Kids elect Obama in Nickelodeon voting

Children have elected President Barack Obama to a second term, in Nickelodeon’s 2012 Kids Pick the President voting.


President Barack Obama sits down with Nick News with Linda Ellerbee for the “Kids Pick the President: The Candidates.” (Lucky Duck Productions )
 Since this franchise began in 1988, kids have correctly picked the POTUS (in advance of the national election) five out of the last six elections. 

 More than half a million votes were cast in the network’s online poll this time around. President Obama received 65% of the vote and former Governor Mitt Romney received 35%, Nickelodeon reported.
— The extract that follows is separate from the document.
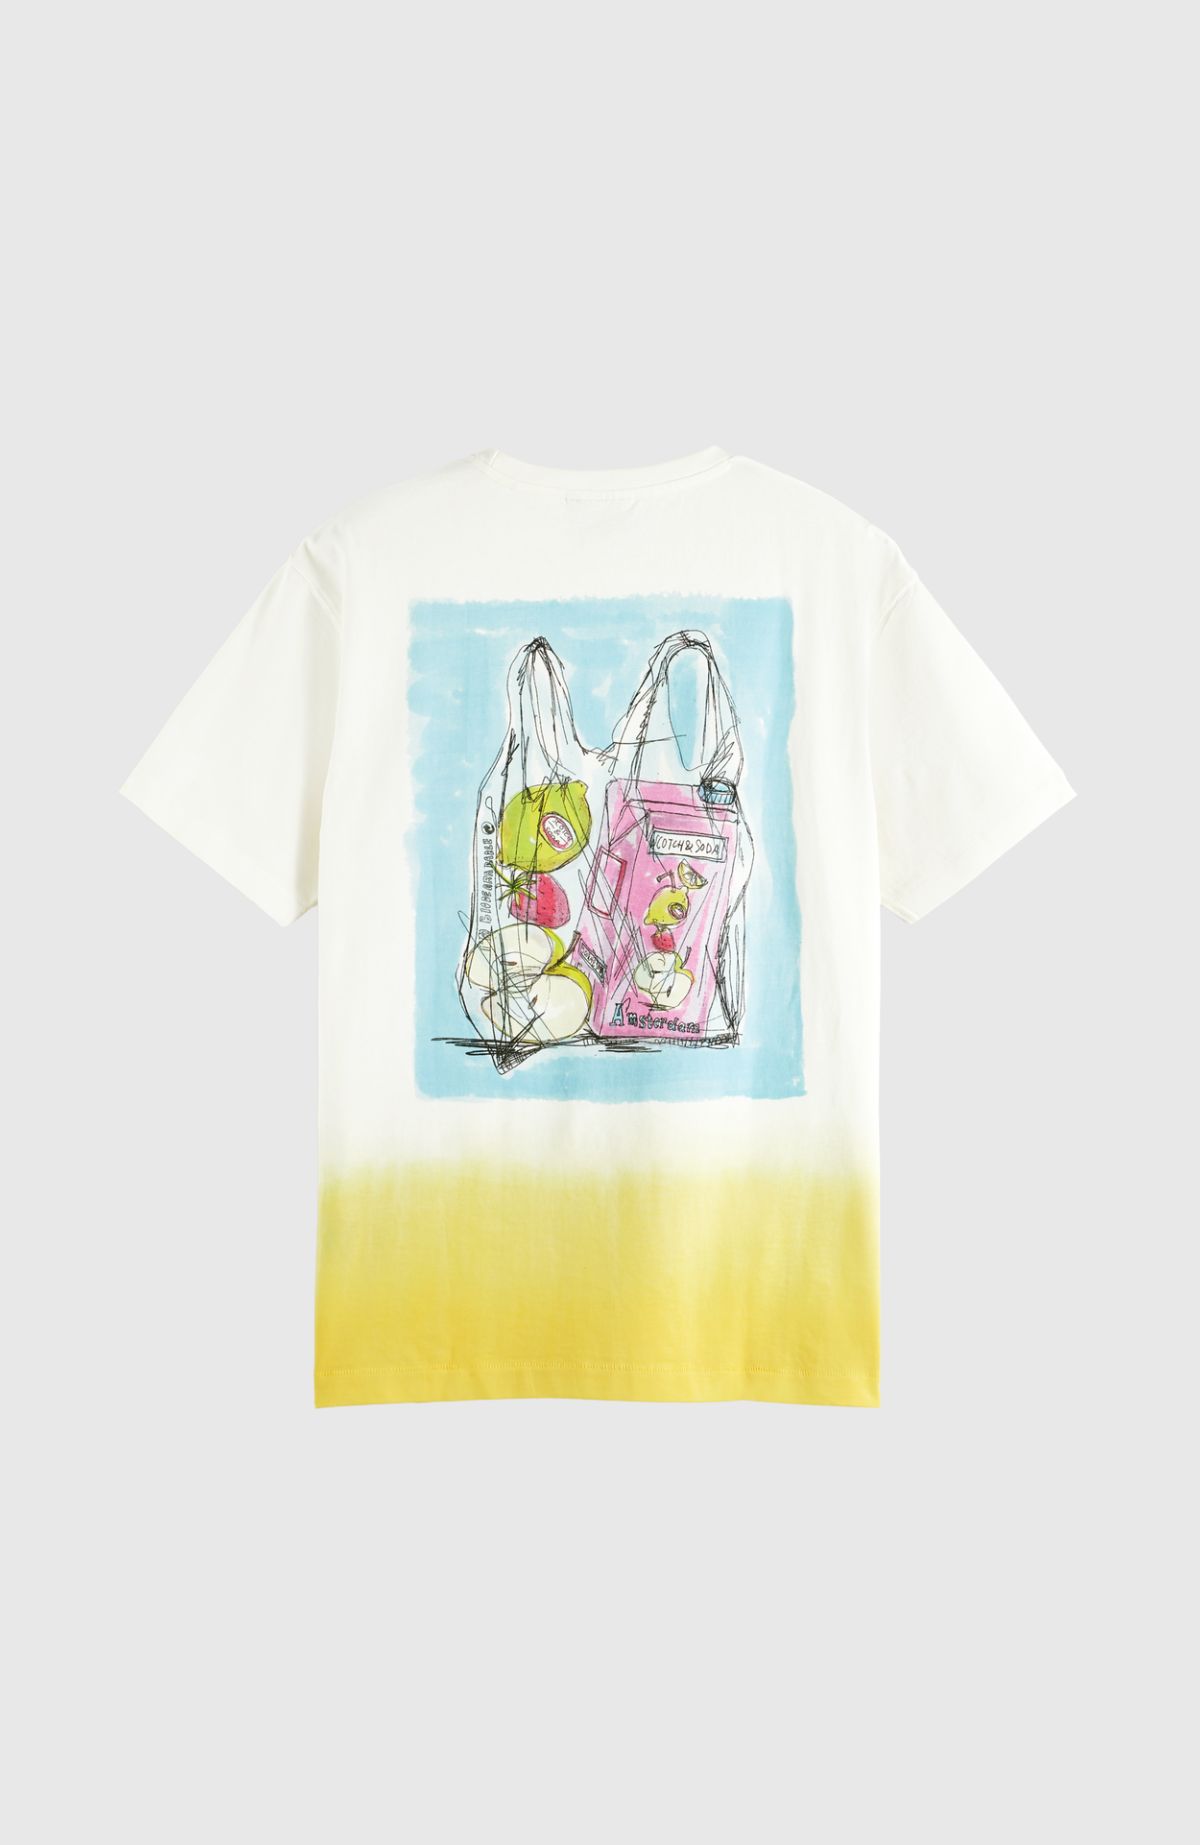 Dip-Dyed Summer artwork T-shirt

Four years ago, a much bigger, franchise record, 2.2 million votes were cast in what Nickelodeon notes is not a scientific poll; Sen. Barack Obama was declared the winner, with 51 percent of the vote to Sen. John McCain’s 49 percent.

 Voting was down because this year, for the first time, Nickelodeon limited voting to one vote per electronic device, in order to “more closely replicate the actual election, and to ensure the results were more authentic,” though kids were able to cast their votes online from Oct. 15-22.
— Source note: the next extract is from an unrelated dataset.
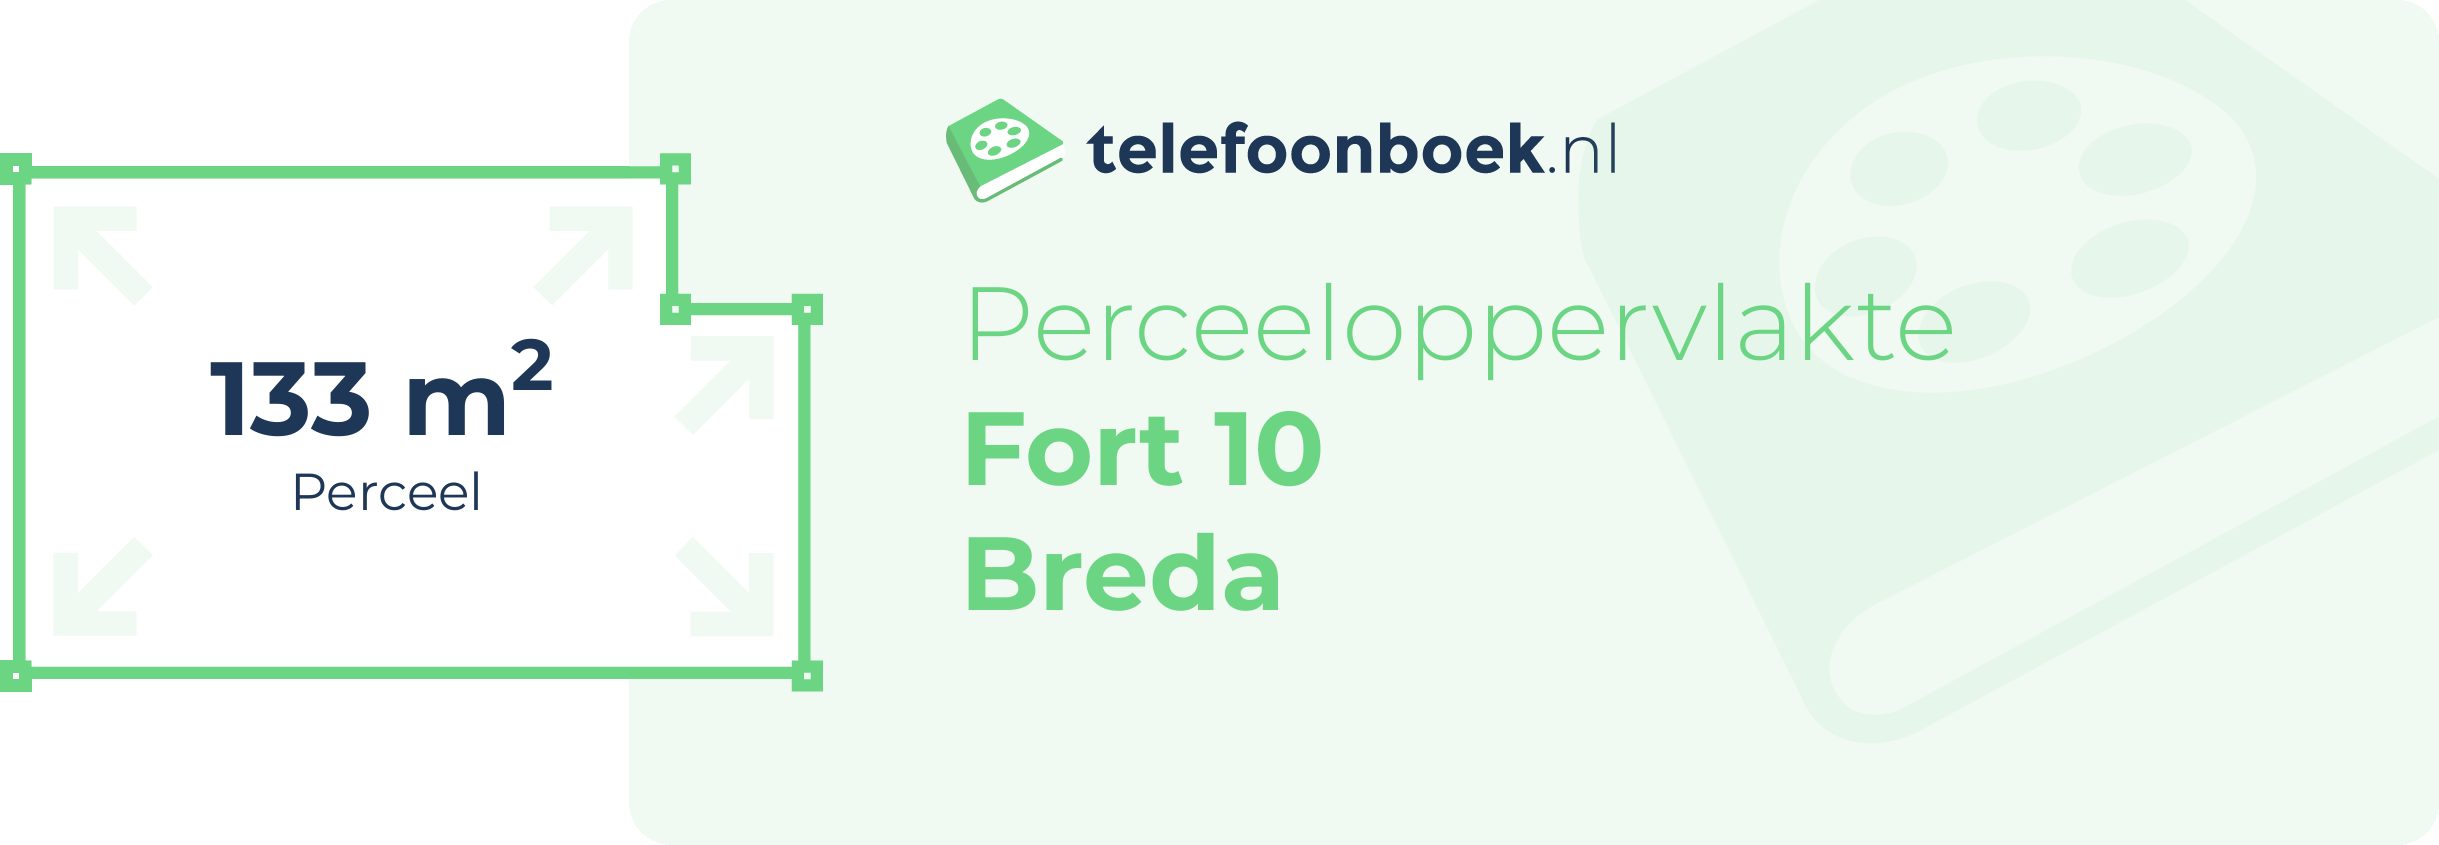 Perceeloppervlakte Fort 10 Breda

 We won’t know for a couple weeks if this “more authentic” methodology gummed up Nickelodeon’s near-perfect predicting record.

 The special has come to loom large-ish because in some circles (gambling ones, for instance) it’s become a kind of bellweather poll.
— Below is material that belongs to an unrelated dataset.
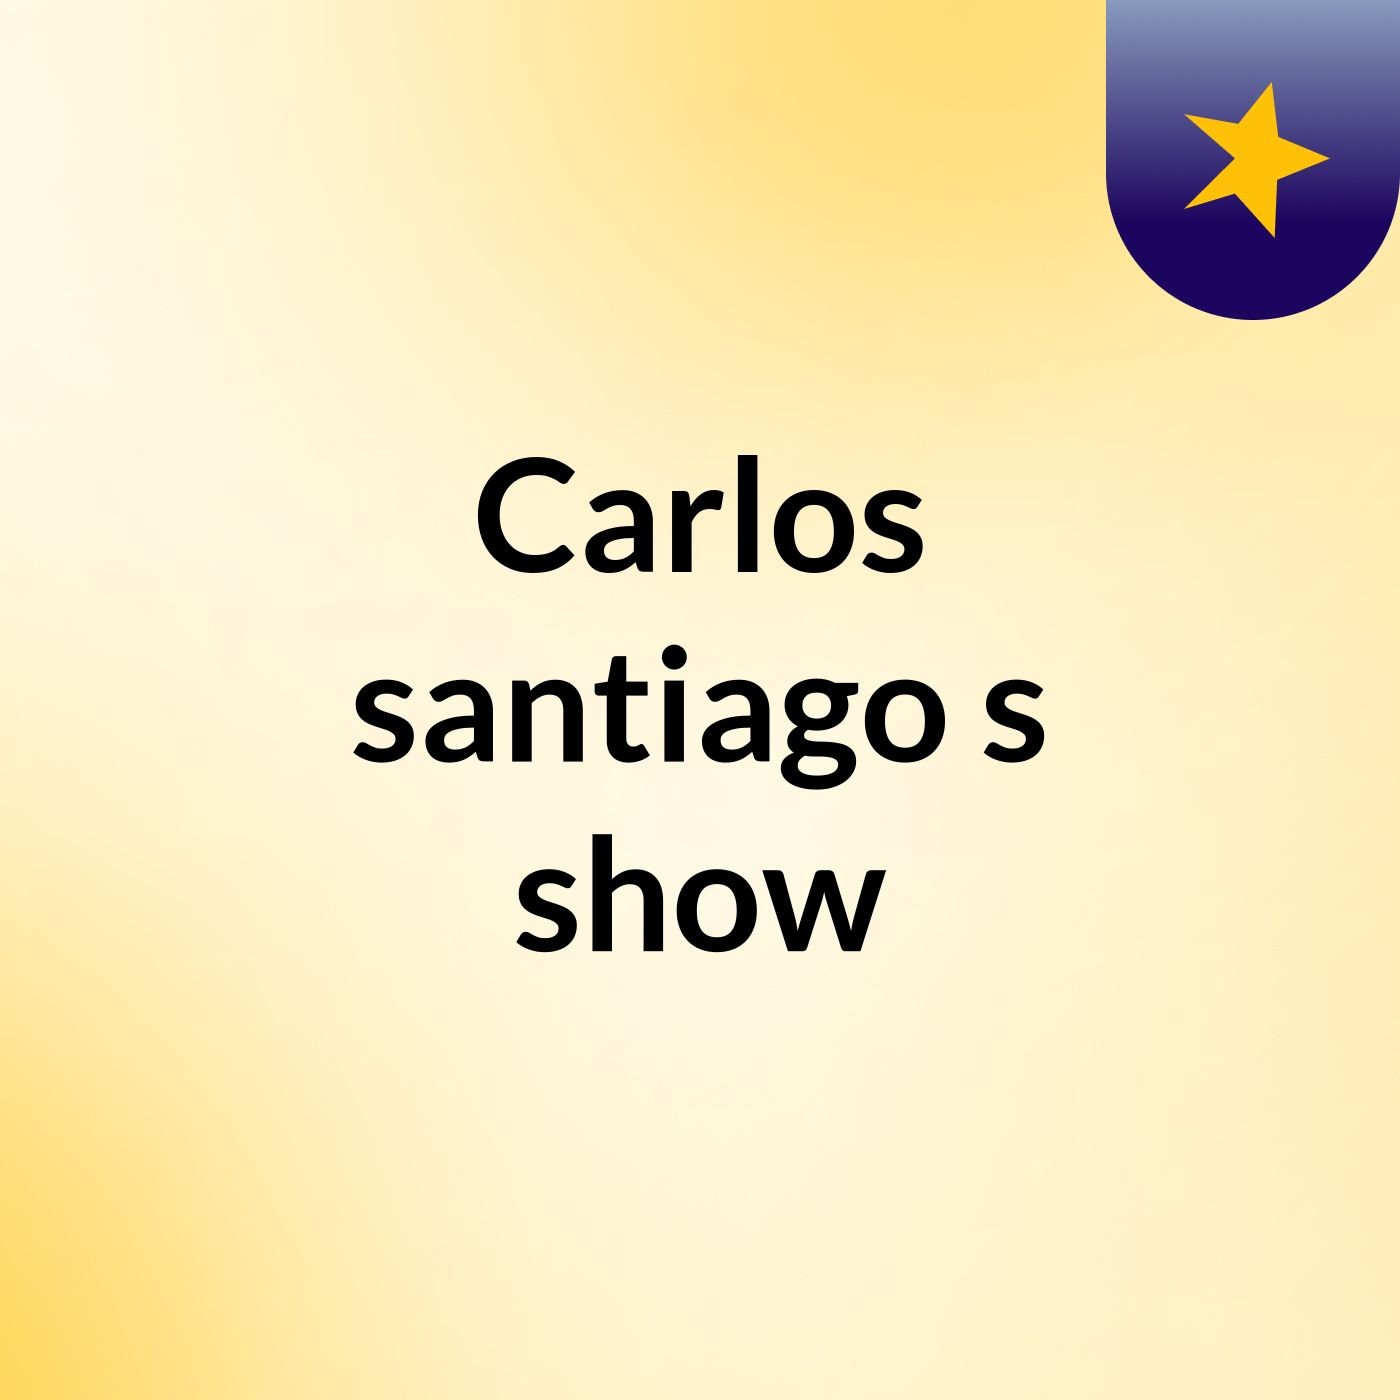 Carlos santiago's show

 There’s also no telling how voting might have been affected by Romney’s decision to decline to participate in the accompanying “Kids Pick the President” TV special.

 Romney declined to participate by sitting down to be taped answering kids’ questions.

 Only once before has a candidate declined to participate in the TV special.

 Back in ’04, Sen. John Kerry declined to participate. Ironically, that year the kids picked Kerry to win — the only time they got it wrong.

 “It’s important to take note of who won the ‘Kids’ Vote,’ simply because so many kids vote the way their parents will,” Linda Ellerbee, the exec producer and also the special’s host, said back in ’08.